** Opening The data block **

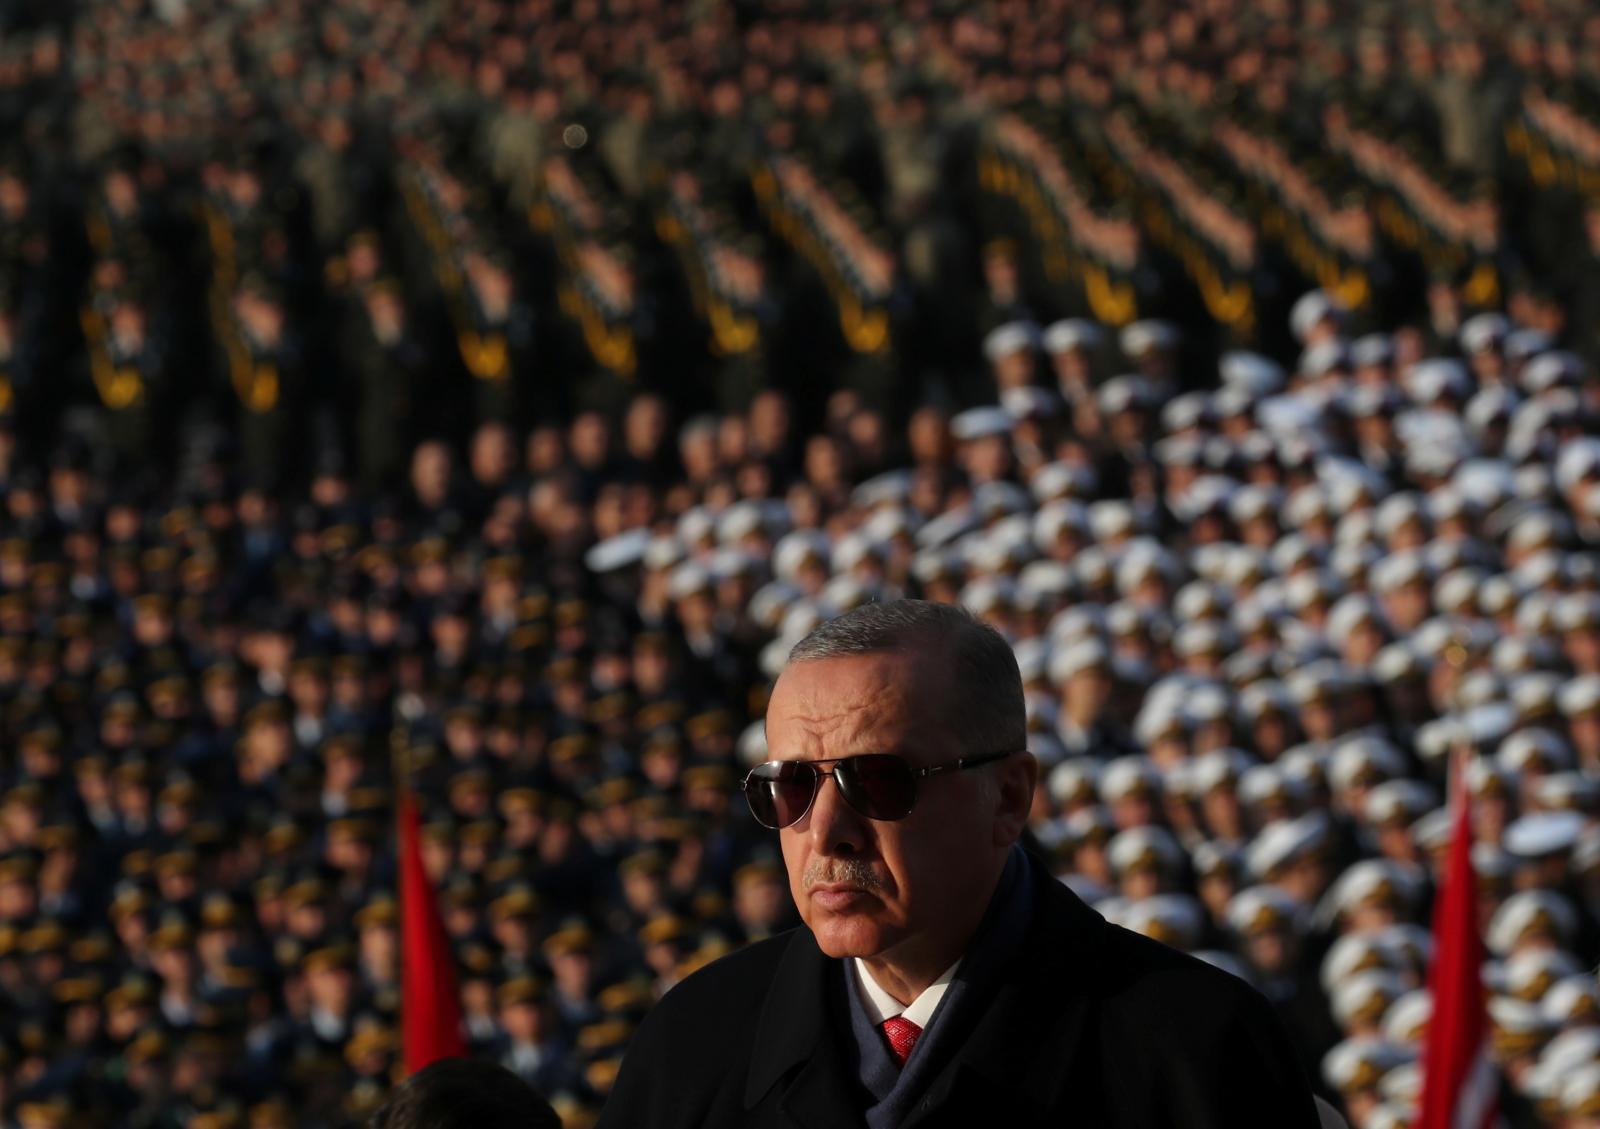 turkey s erdogan says khashoggi tapes given to key foreign nations
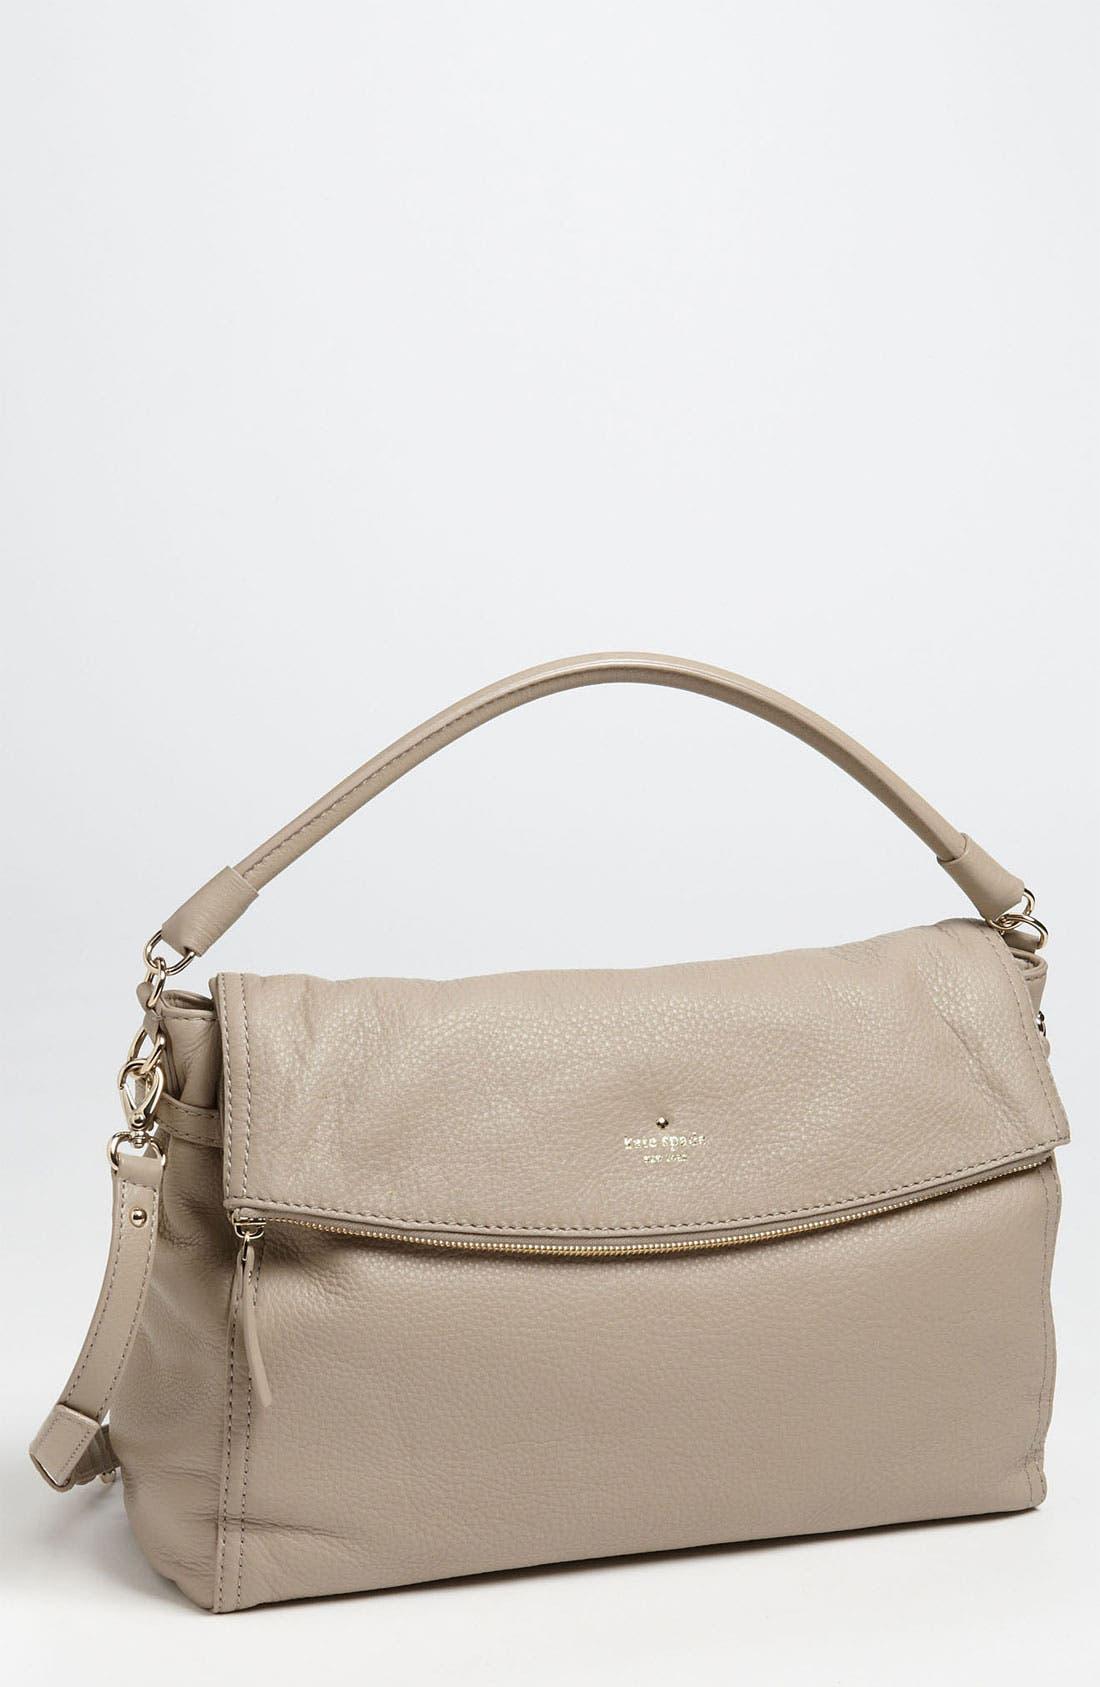 Main Image - kate spade new york 'cobble hill - minka' shoulder bag
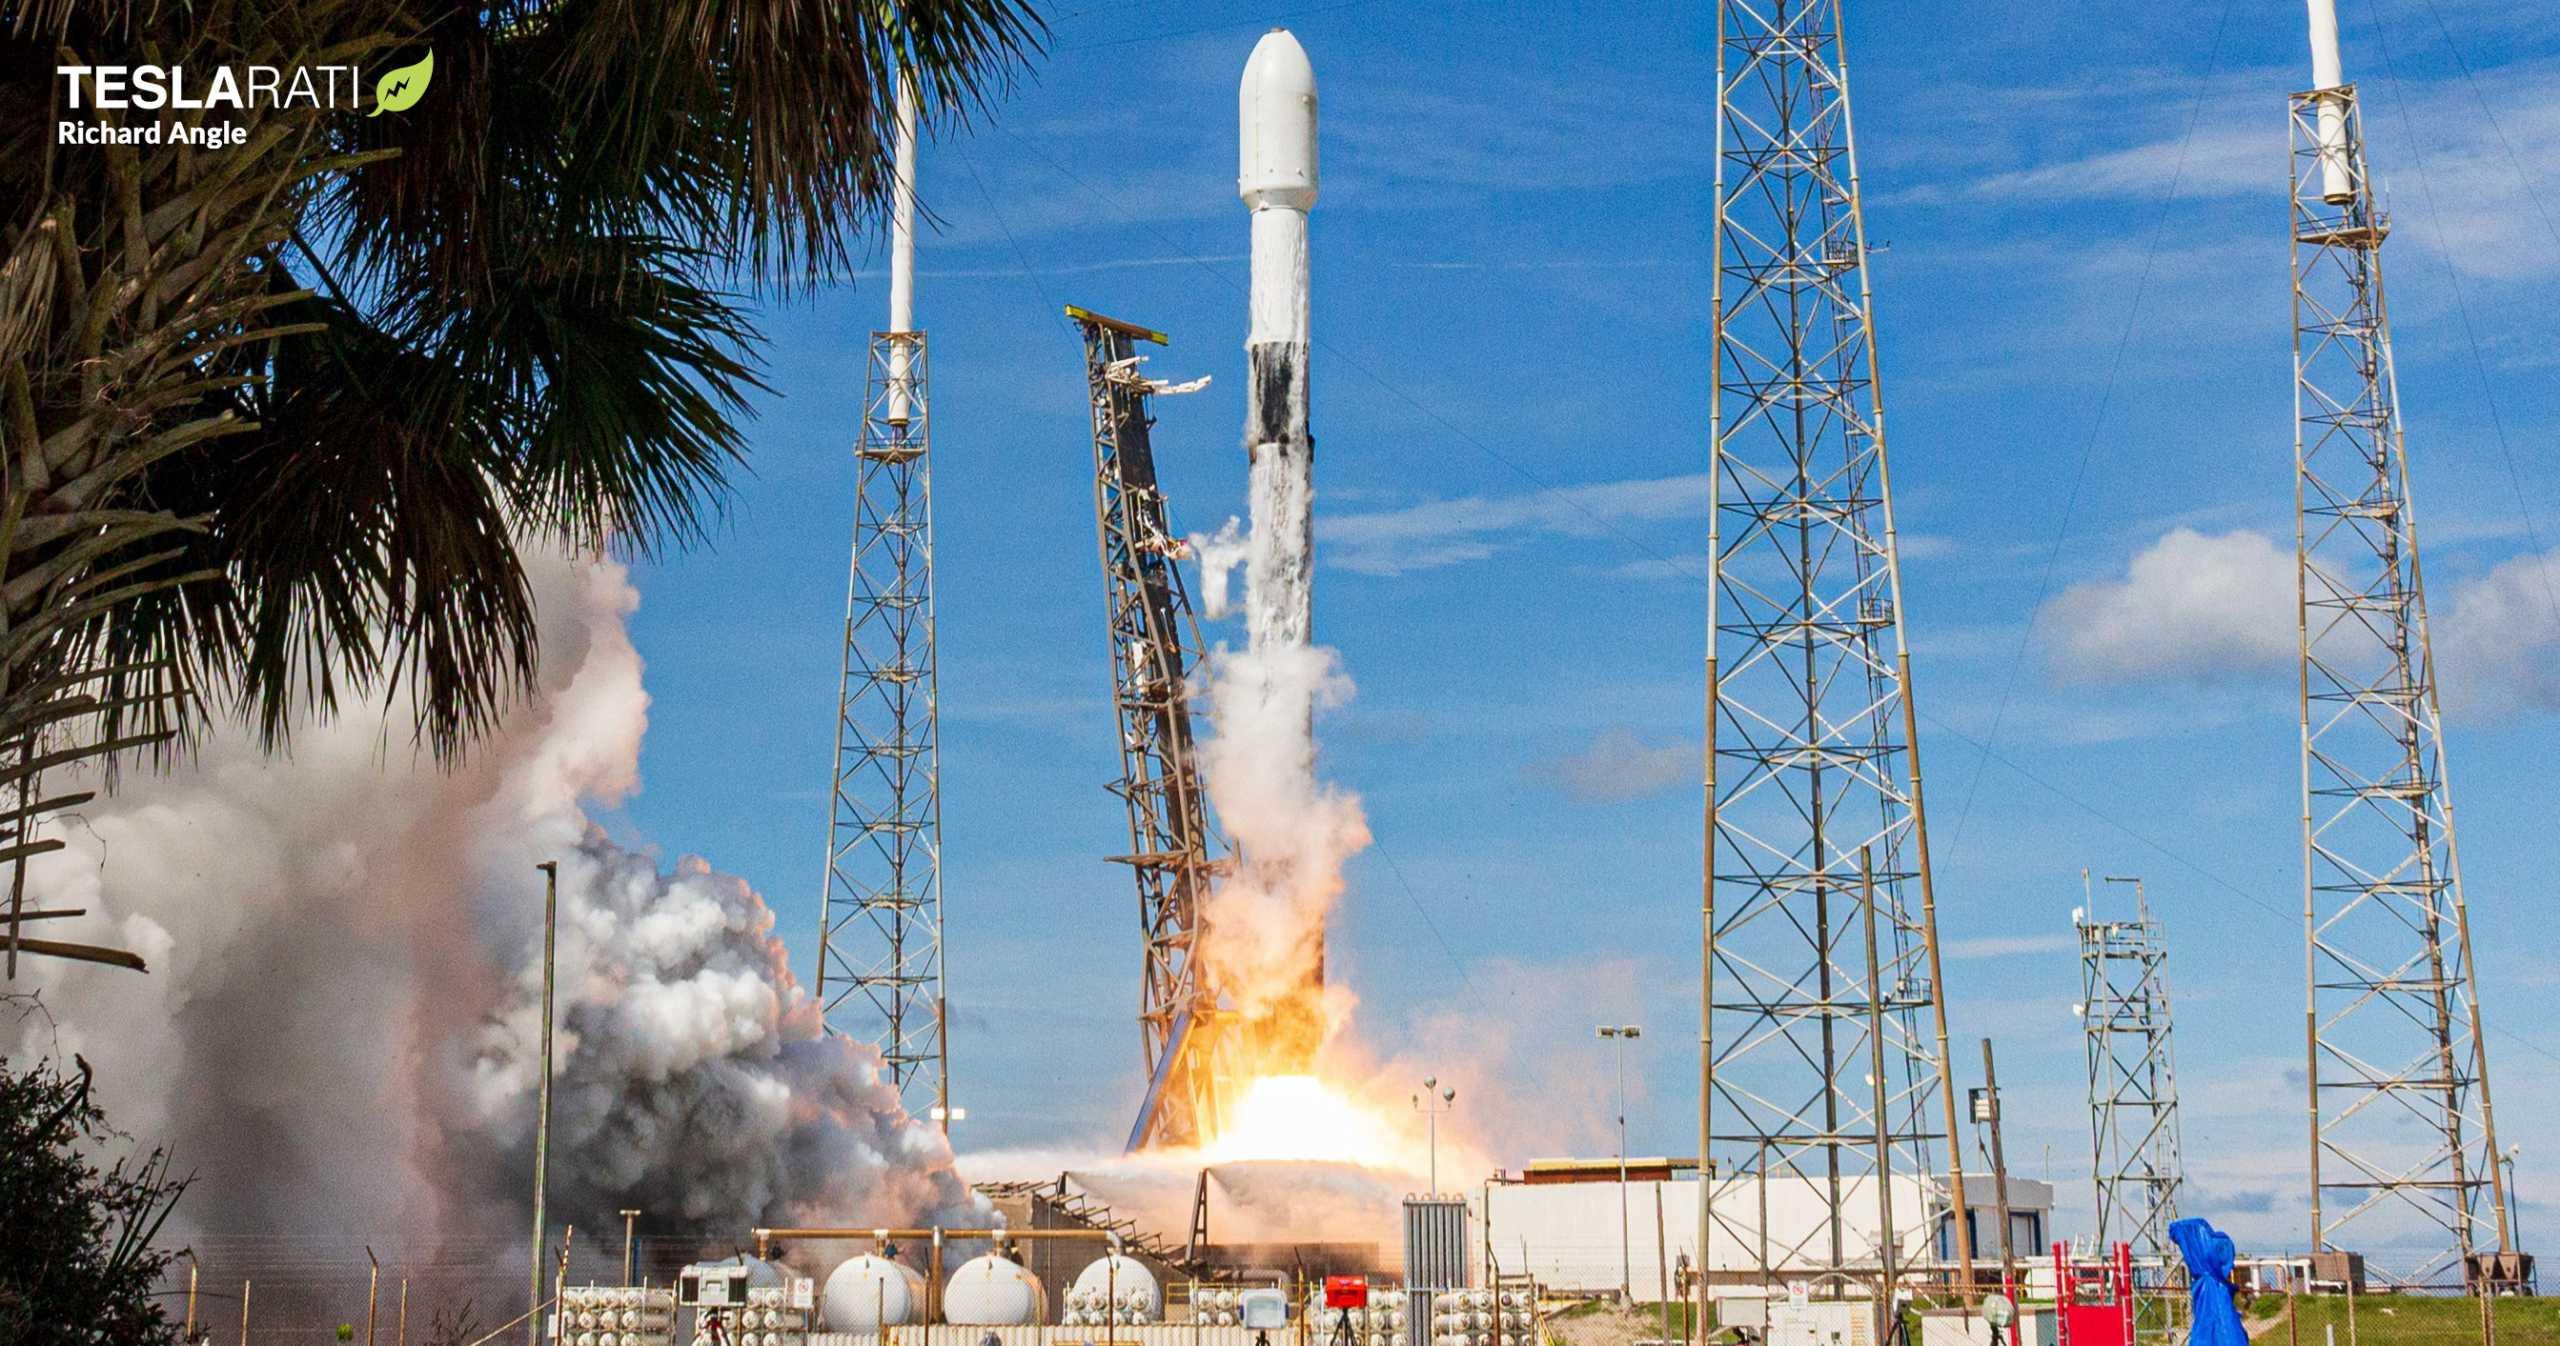 Starlink-10 SkySat Falcon 9 B1049 081820 (Richard Angle) launch 6 crop (c)
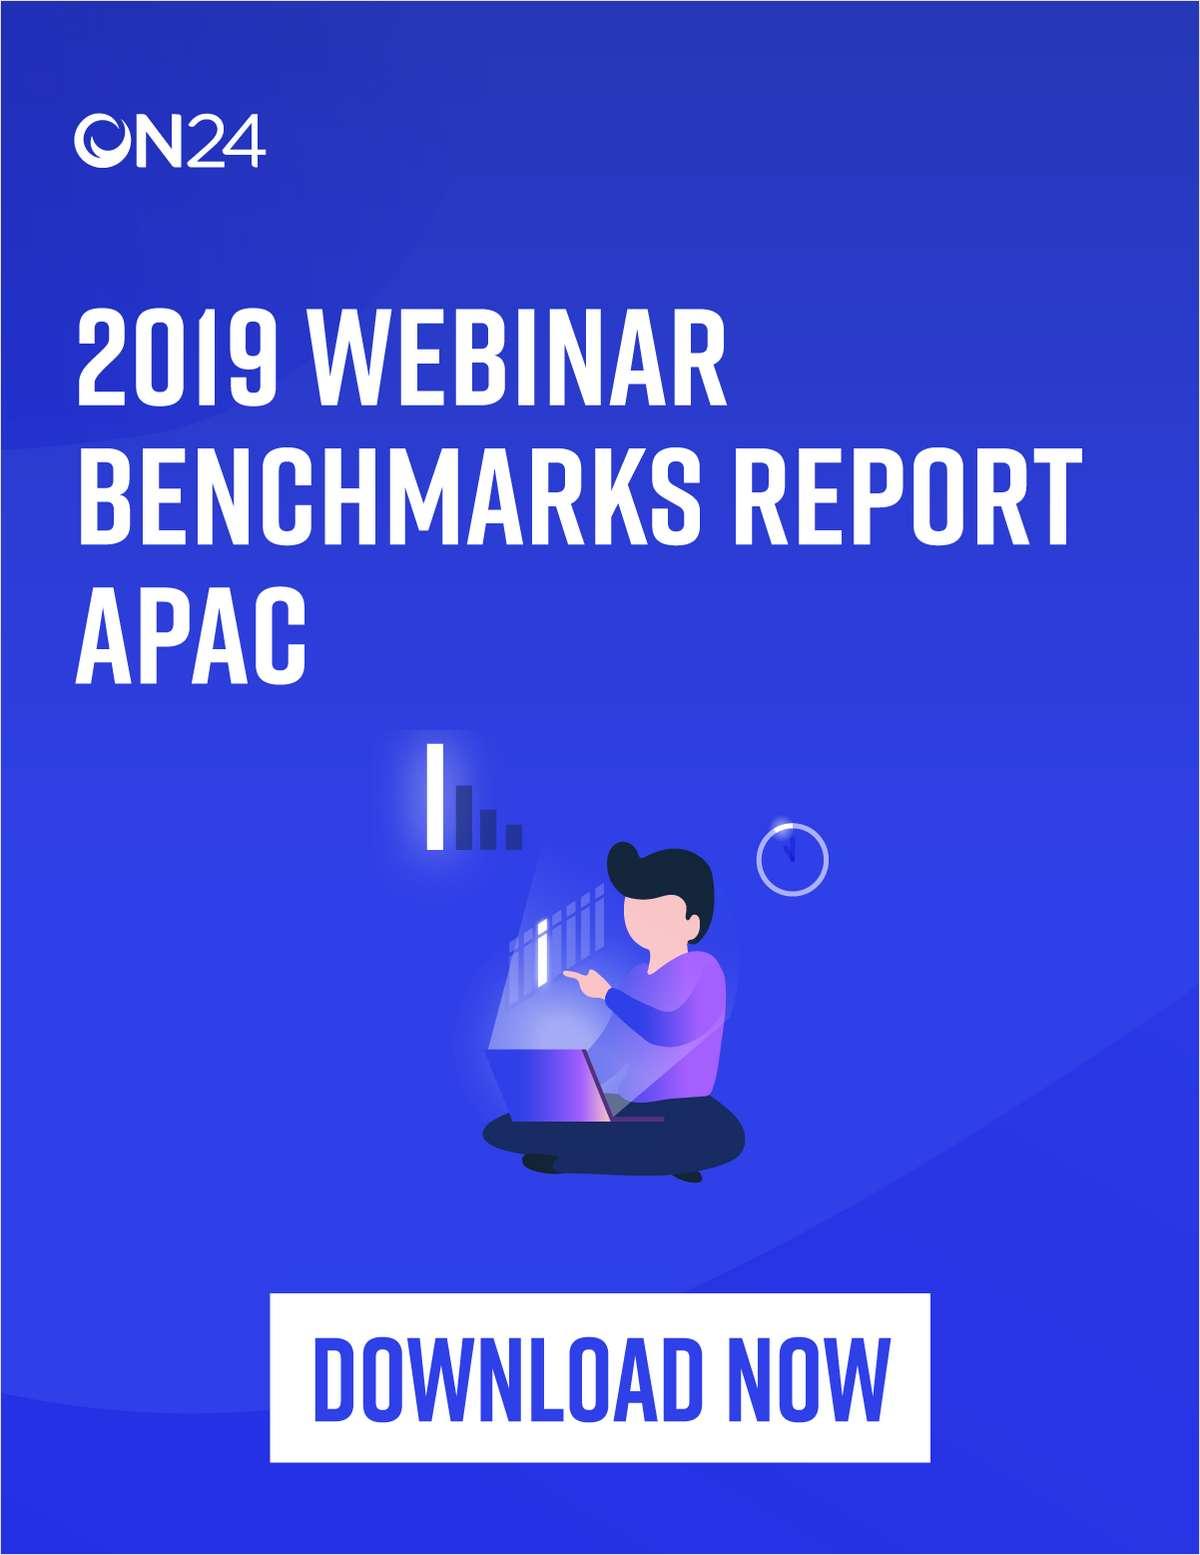 APAC Webinar Benchmarks Report 2019

** Closing The data block **

Exercise instructions
Minus its pictures, the full listing should be copied verbatim.

Your solution
 turkey s erdogan says khashoggi tapes given to key foreign nations
 Main Image - kate spade new york 'cobble hill - minka' shoulder bag
 Starlink-10 SkySat Falcon 9 B1049 081820 (Richard Angle) launch 6 crop (c)
 APAC Webinar Benchmarks Report 2019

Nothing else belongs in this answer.